I think the internet is too much for me.
Too much news. I can read the headlines everyday, with new ones popping up moment by moment. I can click on links to related articles. I can learn all kinds of things about all kinds of people in all kinds of situations. But then I do nothing about it. There is no outlet for so much information except mere opinion. So I can leave comments, or click thumbs up and down, or post the item framed with my own view. And then do nothing. Do nothing but wait until the next item rolls around. Do nothing but grow cynical, frustrated, or feel cheap, empty victories for “having my voice be heard.”
Too much entertainment. I can drop by Hulu and laugh at Conan’s monologues and general silliness, or check out the latest YouTube clip for a chuckle. I can forget that there are very important things happening which ought not happen. I can forget there is evil.

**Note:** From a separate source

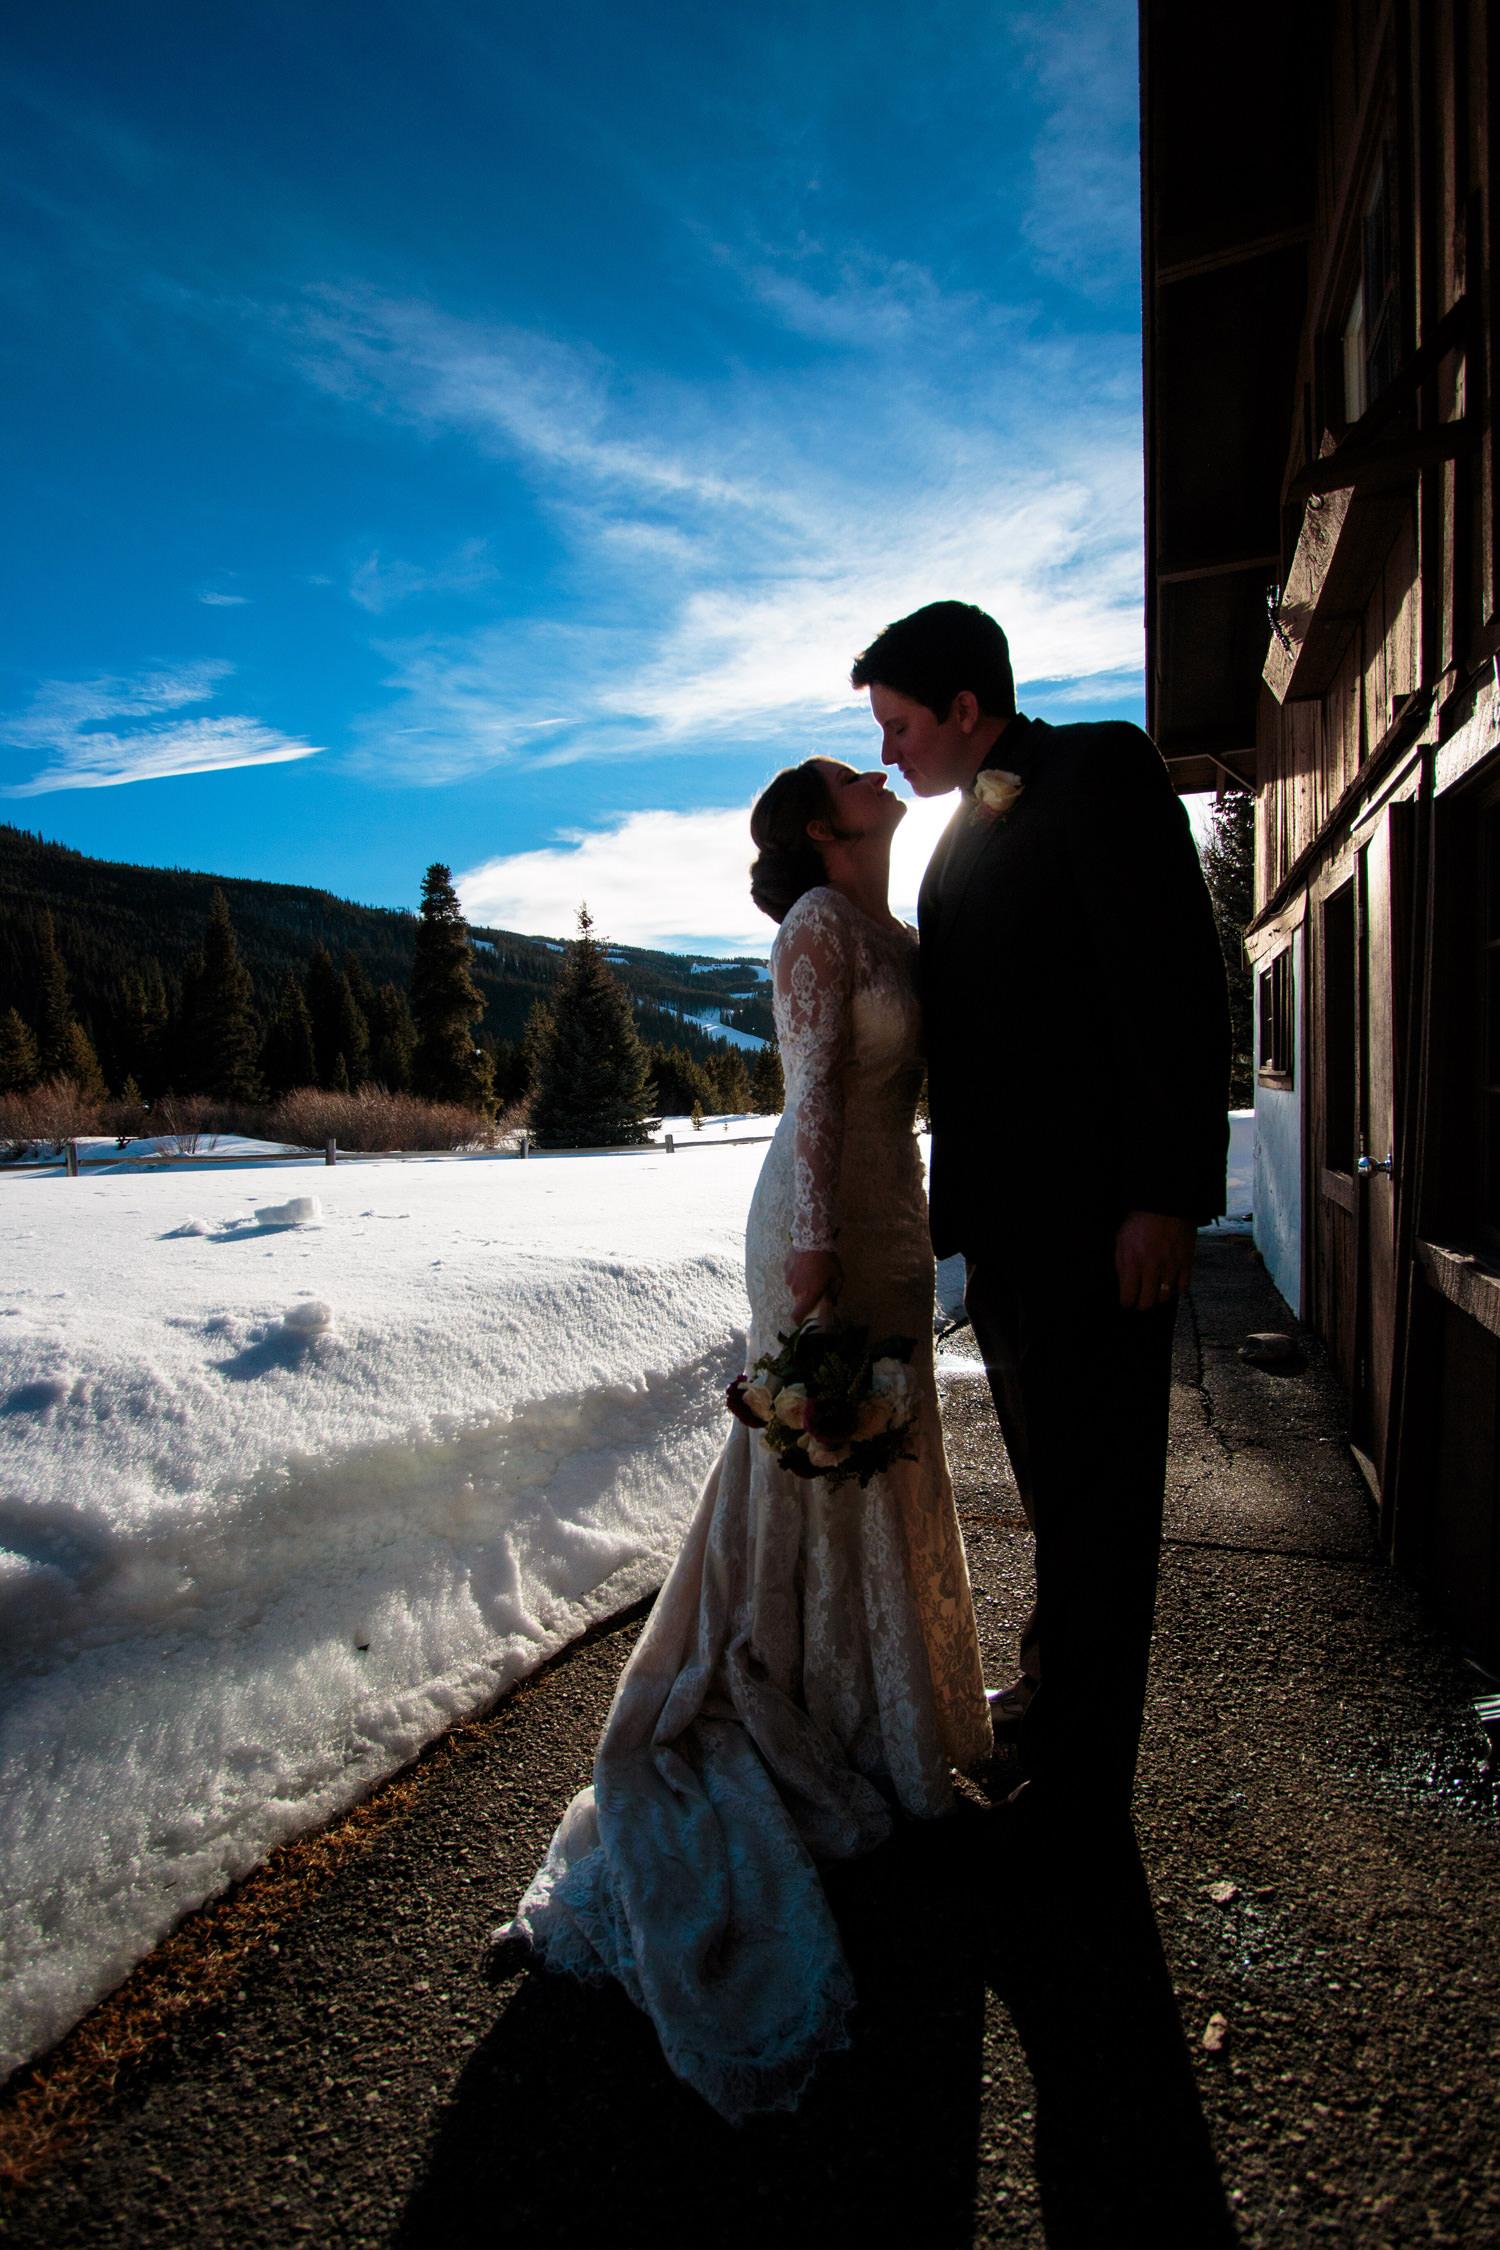 keystone-wedding-photographer-tomKphoto-052.jpg
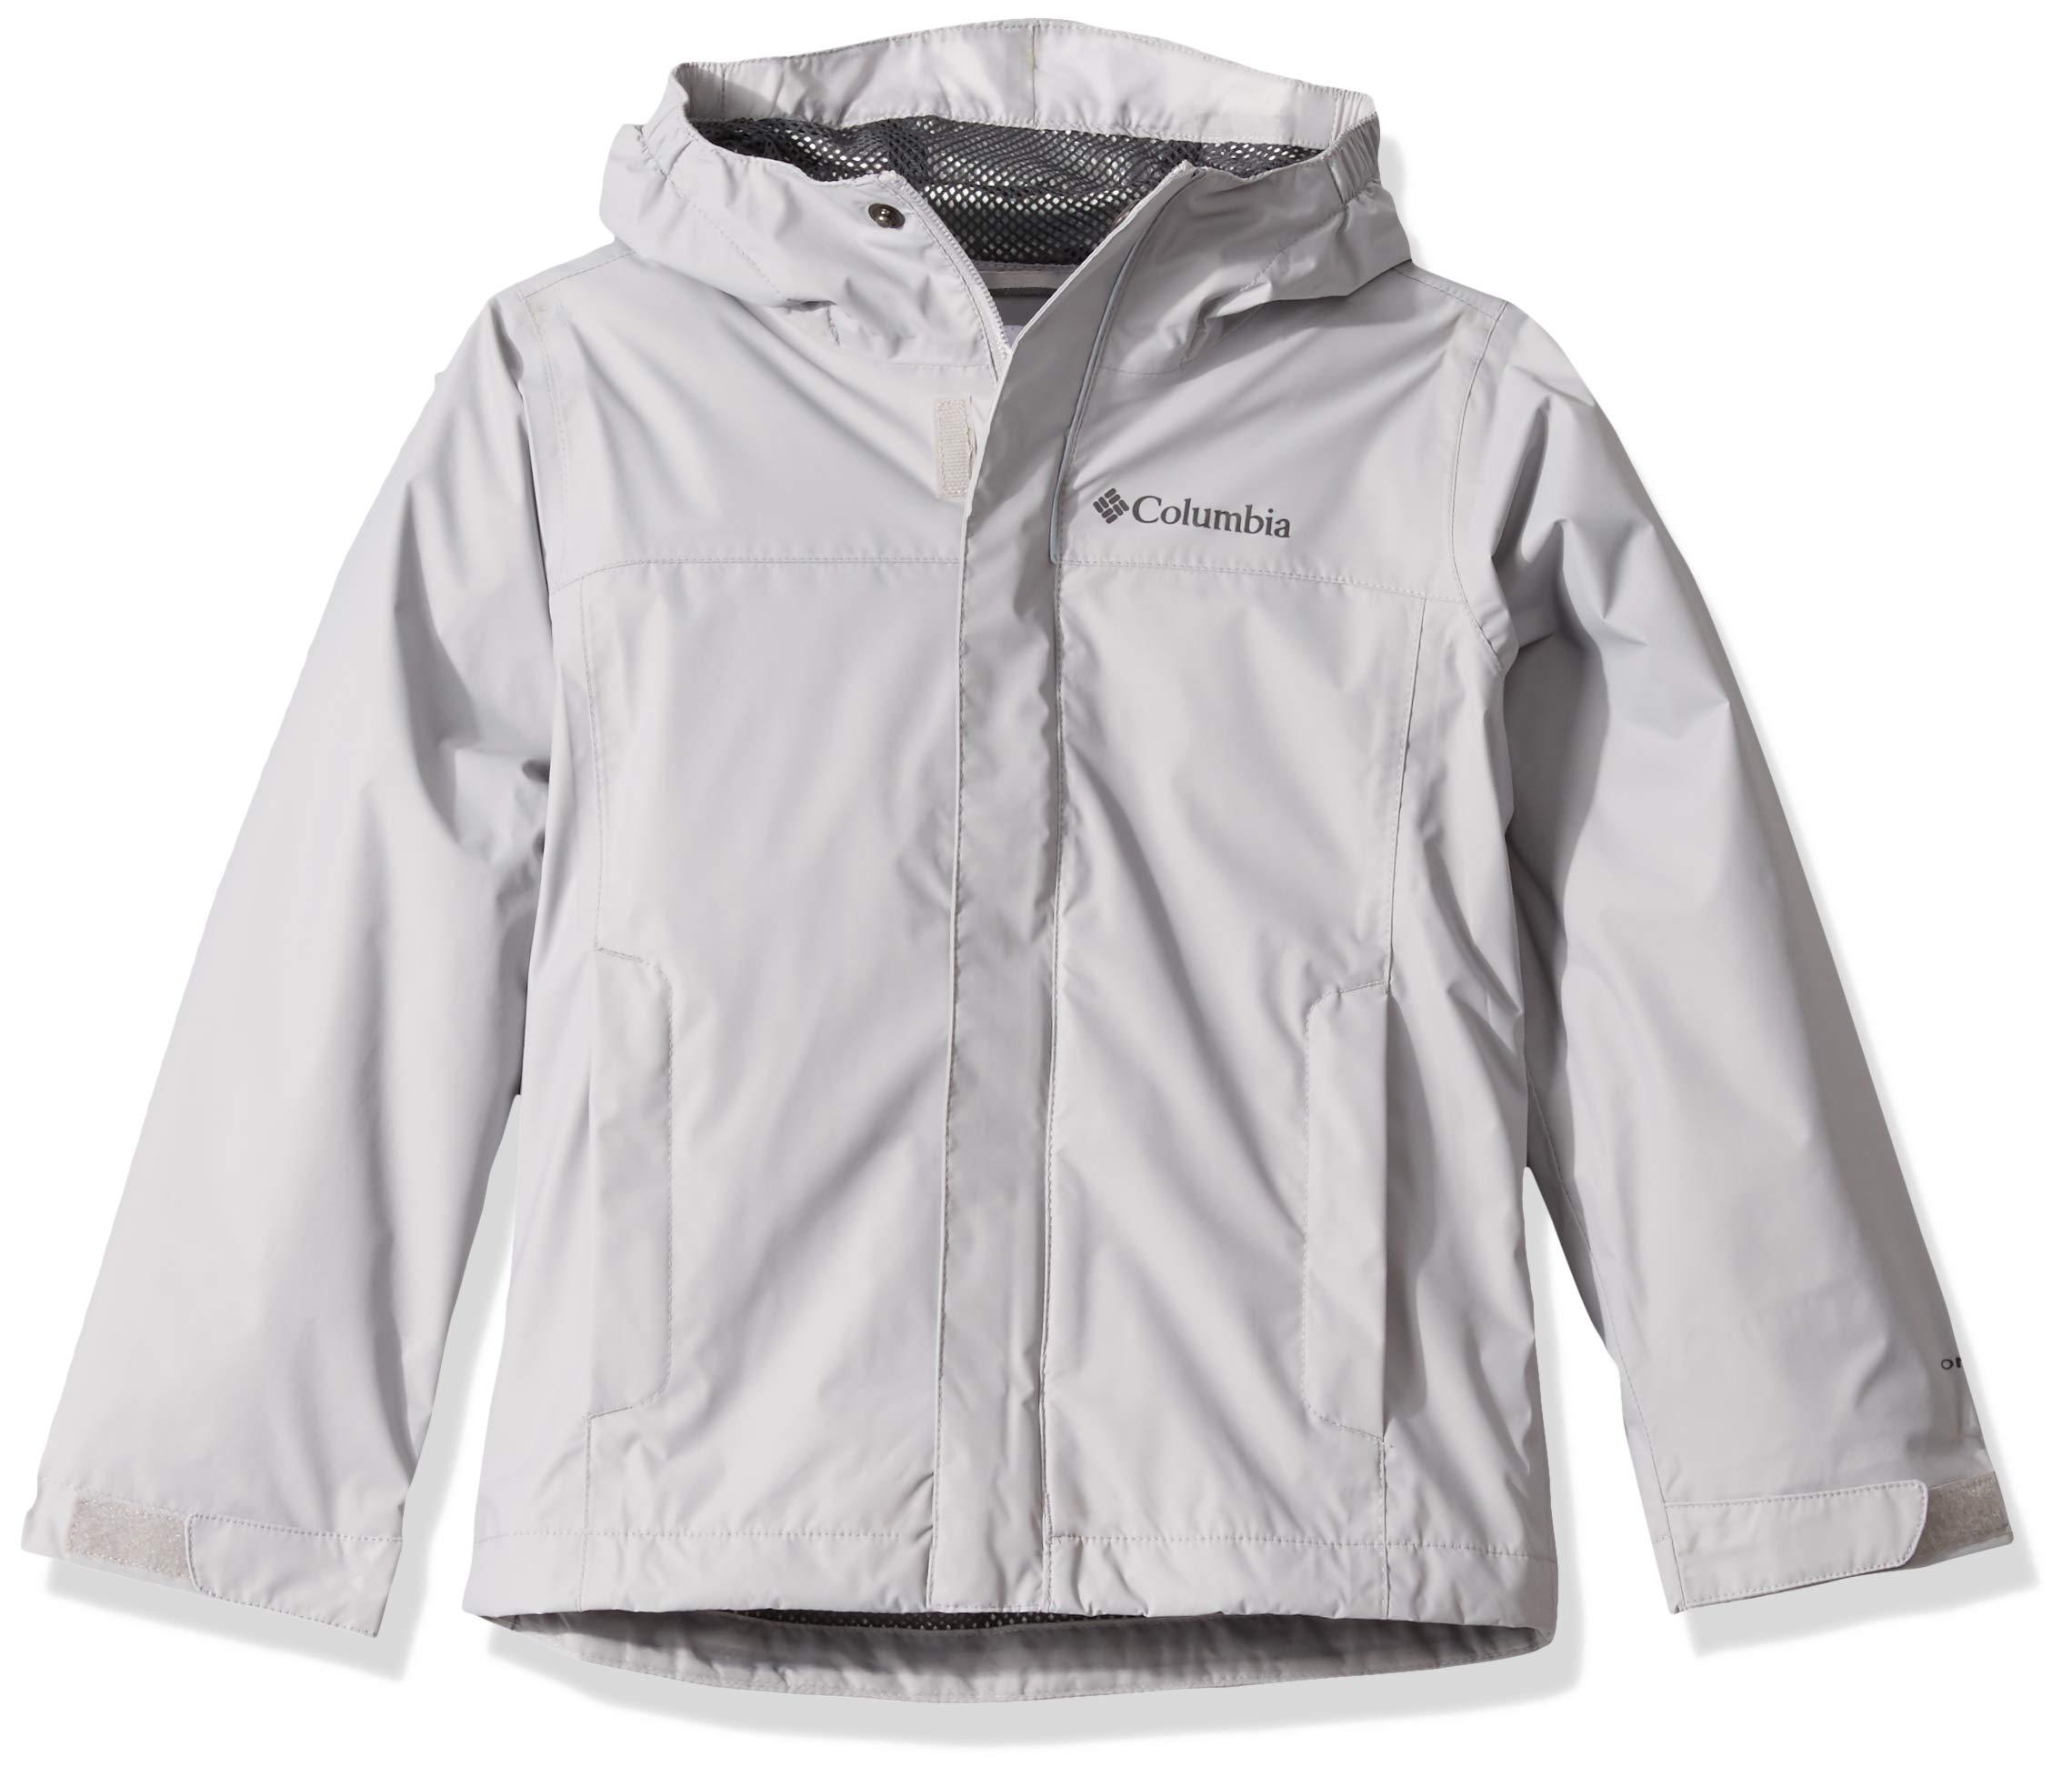 Columbia Boys' Big Watertight Jacket, Waterproof and Breathable, Slate Grey, X-Small by Columbia

Too much photography. I can log in to Facebook and scan through the photos of my friends, see countless self-portraits at odd angles with faces frozen in rock star screams or Zoolander pouts or eyebrow arches. I can see beautiful face and beautiful face, curvy figure after curvy figure, and skin skin skin on “innocent” sites. And then there are too many faces in my mind and I forget the faces that really matter to me. I forget the innocence of a flesh-and-blood smile. I forget the good, good hardship of a living person and grow more comfortable with the static flat image. Or I grow angry that people think so little of their smiles, their eyes, their bodies, that they would paint them and alter them into meaningless charms.
Too much text. Words, werds, wurds. Too many words sitting open-faced, as if every one of those words and ideas were as important as every other. One man’s blog is another man’s comment. I can look from page to page, blog to blog, listening to the voices speak through their words–and at the end of the day, I can believe that someone’s words matter more because their well-designed website looks much cooler than the other. I can disregard a friend and read an enemy. I can lie. But I cannot pronounce truth in so much text. All is opinion. All is equal.
Too much music. Too much video. Too much sound. Too much fury.
And not enough of the things that really matter.
Am I alone in this?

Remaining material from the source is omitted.